Ann Elizabeth "Lizzie" Isham was born on January 25, 1862, in Chicago, Illinois, the first child and eldest daughter of Edward Swift Isham, an American lawyer and politician from Vermont, and Frances "Fannie" Burch. Her father established a law firm with Robert Todd Lincoln, son of former US President Abraham Lincoln, called Isham, Lincoln & Beale in Chicago, Illinois.
Initially Isham lived in Chicago and was a member of the Friday Club and the Scribbler's Club. In 1903 she moved to Paris and lived with her sister, Frances Isham, who had married Harry Shelton.
Isham's brother, Edward Isham, lived in New York City and Isham was going back to the United States to spend the summer with him. She boarded at Cherbourg on April 10, 1912.

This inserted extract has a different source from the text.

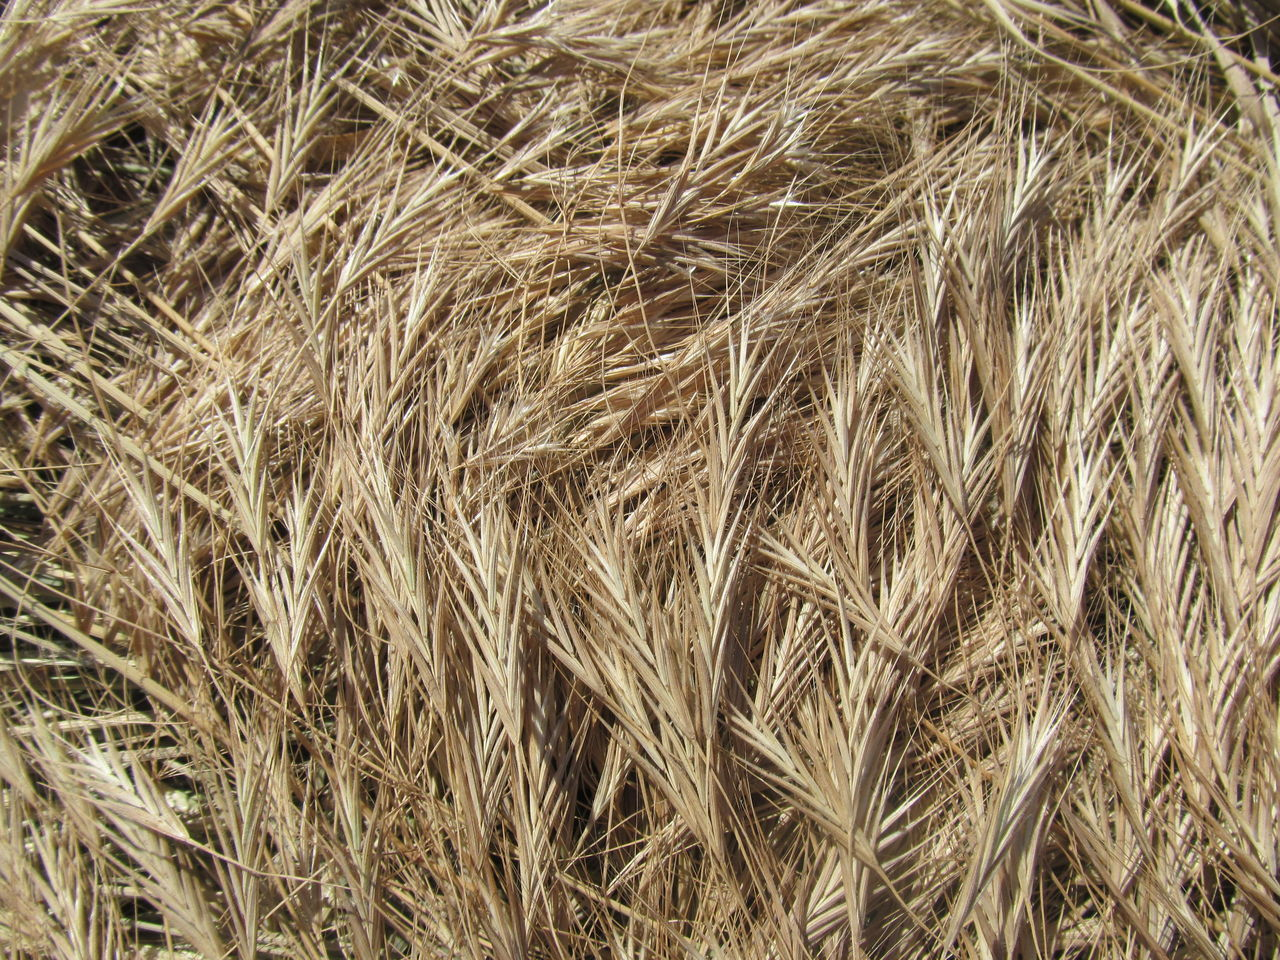 View Of Crop In Field

Her cabin (C-49) was next to that of Colonel Archibald Gracie, although he did not remember ever seeing her. Isham was said to have been on board a lifeboat ready to sail away when she was told that she was unable to bring her dog, a Great Dane, on board with her. She chose to get off the lifeboat. Isham was one of four first class women who died in the disaster, and her body was never identified. A few days later, a crew member of one of the rescue ships reported seeing a woman's body floating in the ocean and holding on to the body of a large dog. A memorial to her was erected by her family in Vermont.